● DATASET EXTRACT:

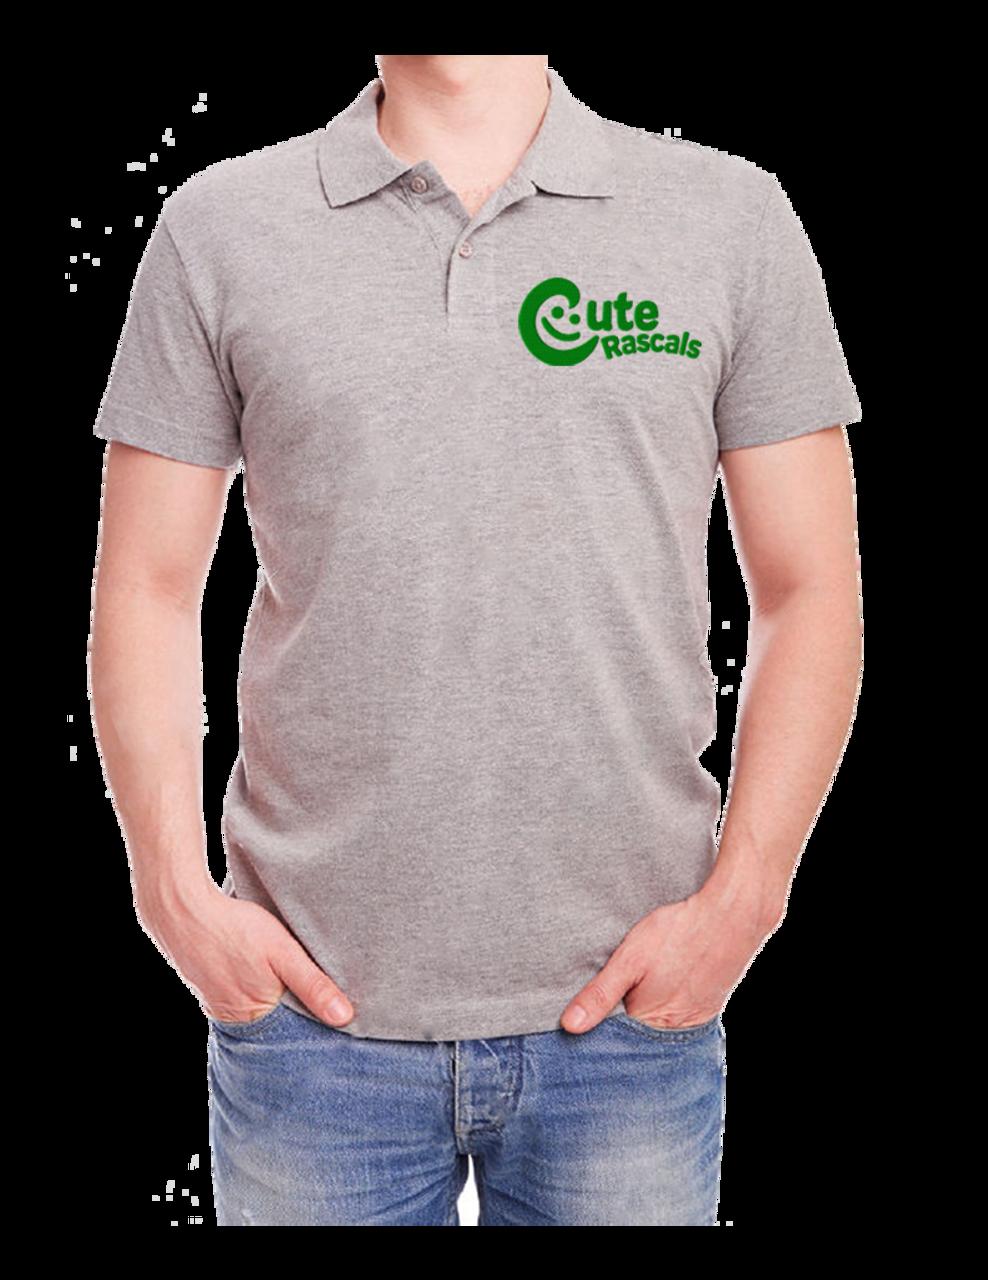 Custom Military Polo Shirts – EDGE Engineering and
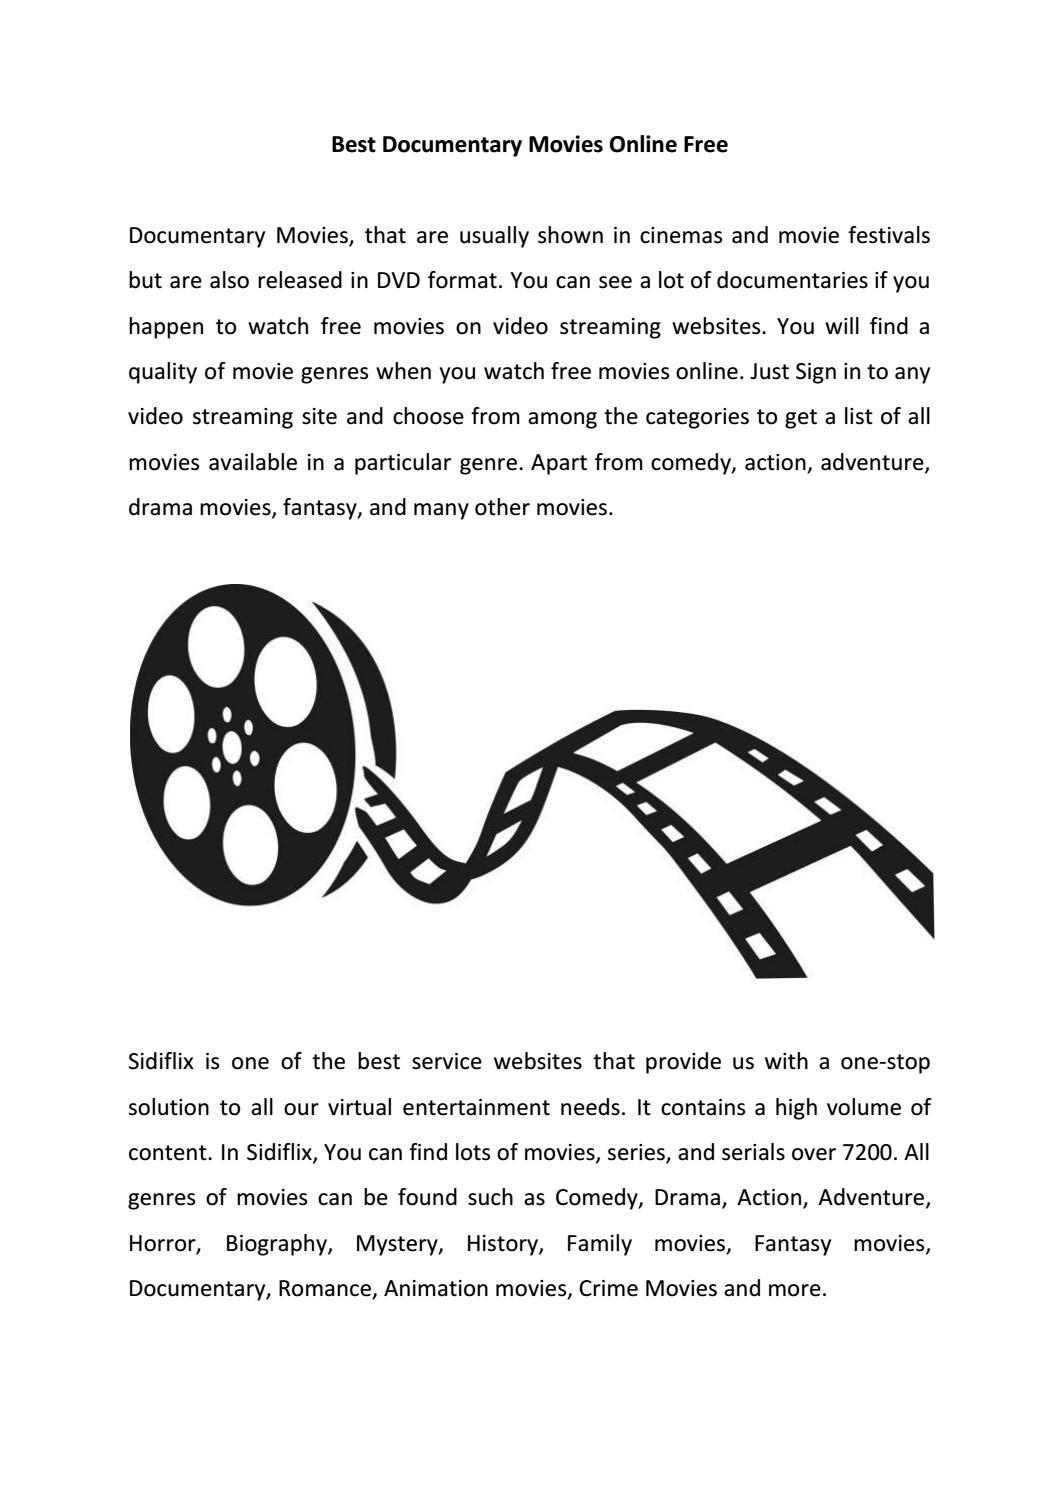 Best Documentary Movies Online Free by markgordon0808 - issuu
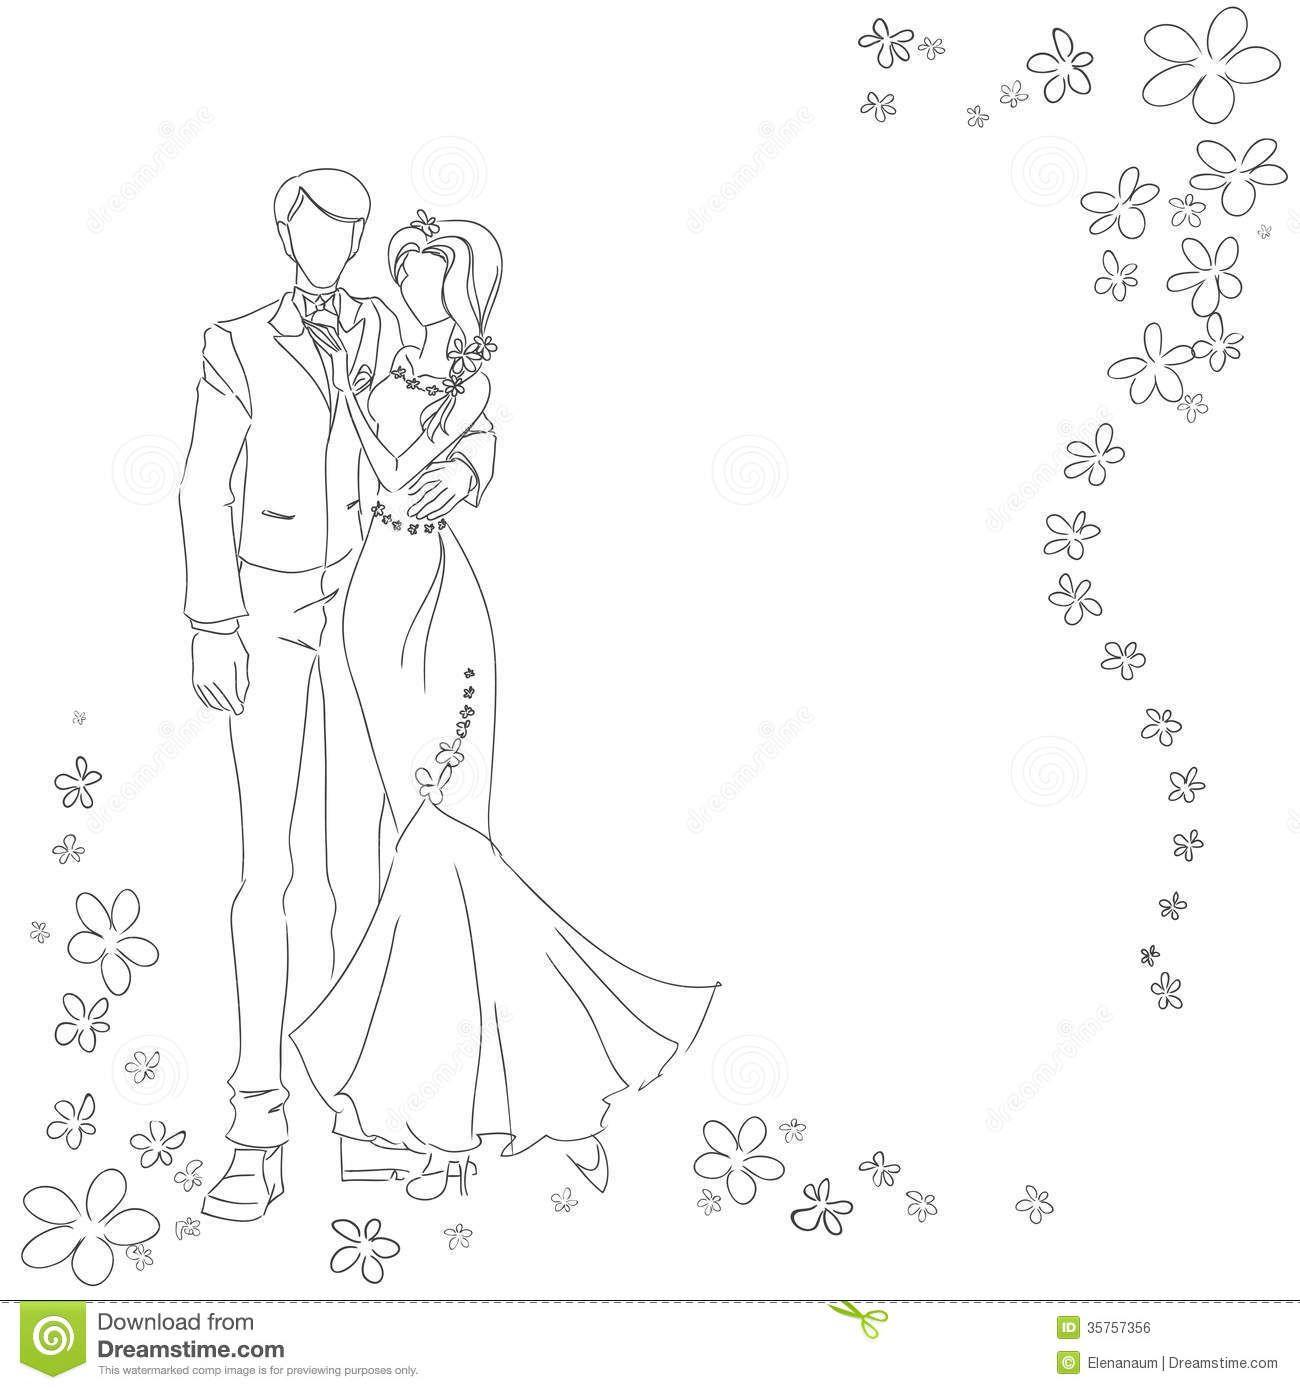 Kleurplaat Bruiloft Kleurplaten Thema Bruiloften Bruiloft
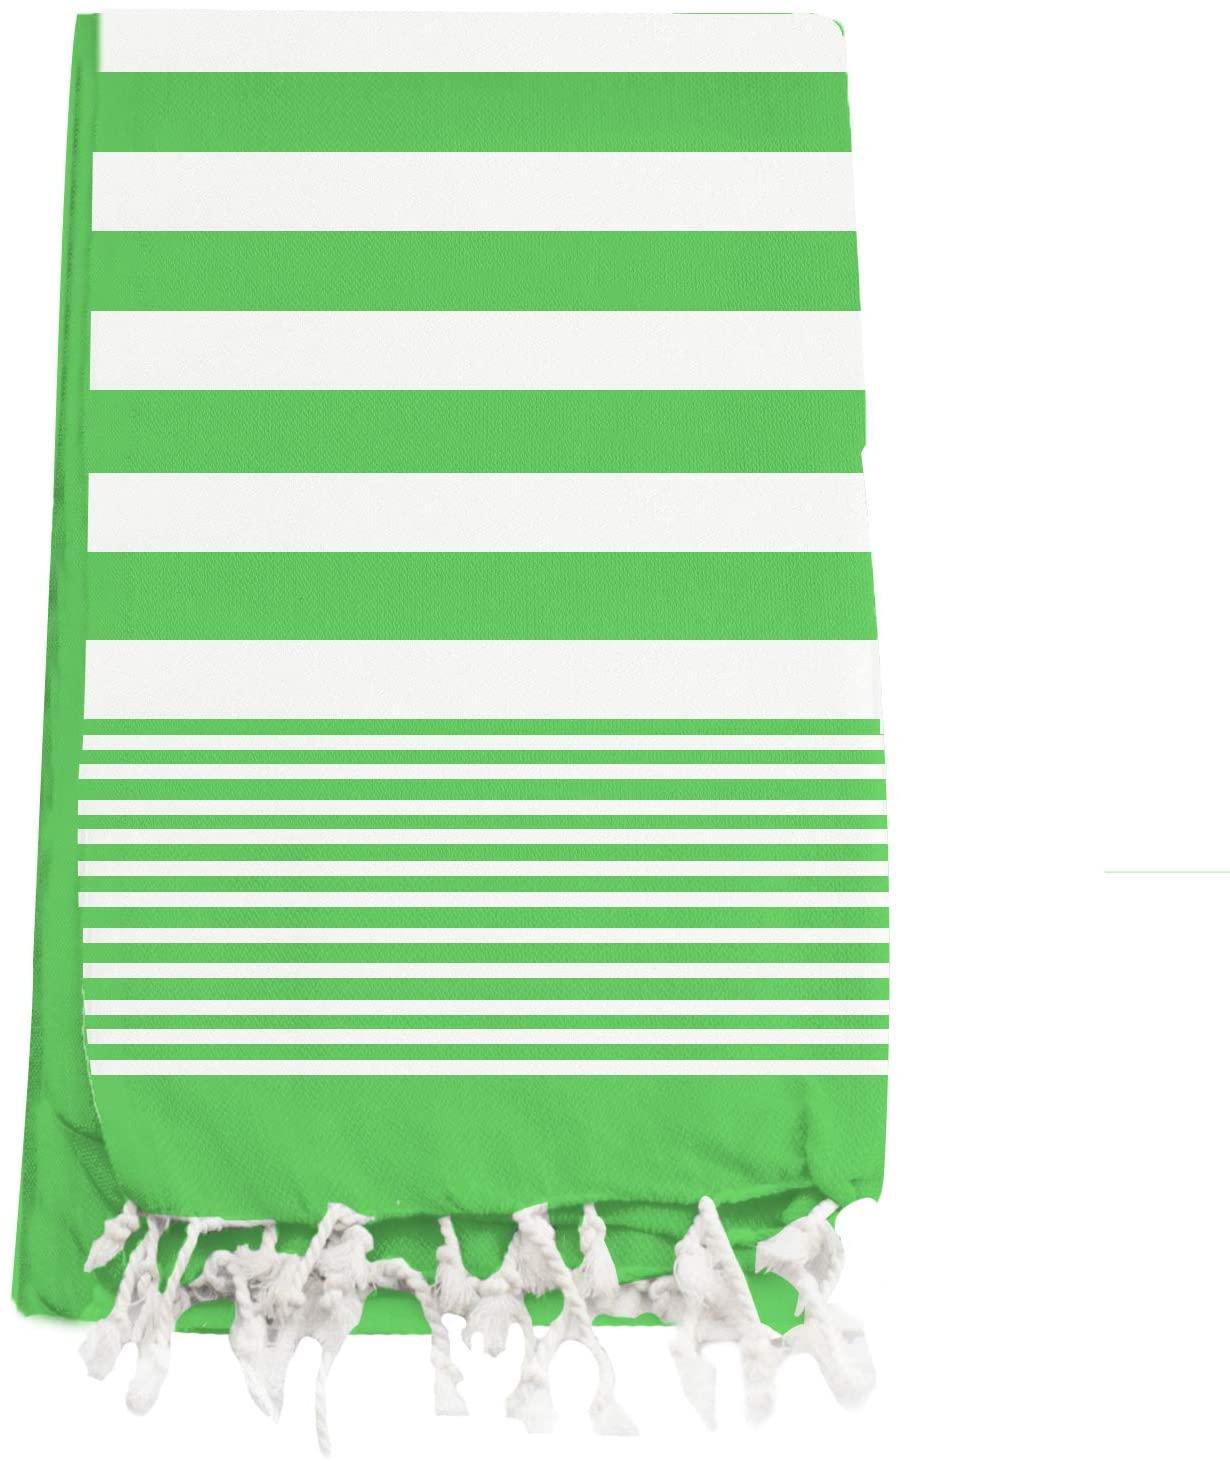 "Linen and Towel Turkish Towel in Cotton Beach Towel, Absorbent Light Weight Bath Towel 40"" x 72"" Light Green Pool Towel, Camping Sauna Gym Blanket Fouta Towels"

● REQUIRED WORK: Where the data includes pictures, leave them out and write out everything else exactly.

● RESPONSE TO THIS TASK:
 Custom Military Polo Shirts – EDGE Engineering and
 Best Documentary Movies Online Free by markgordon0808 - issuu
 Kleurplaat Bruiloft Kleurplaten Thema Bruiloften Bruiloft
 "Linen and Towel Turkish Towel in Cotton Beach Towel, Absorbent Light Weight Bath Towel 40"" x 72"" Light Green Pool Towel, Camping Sauna Gym Blanket Fouta Towels"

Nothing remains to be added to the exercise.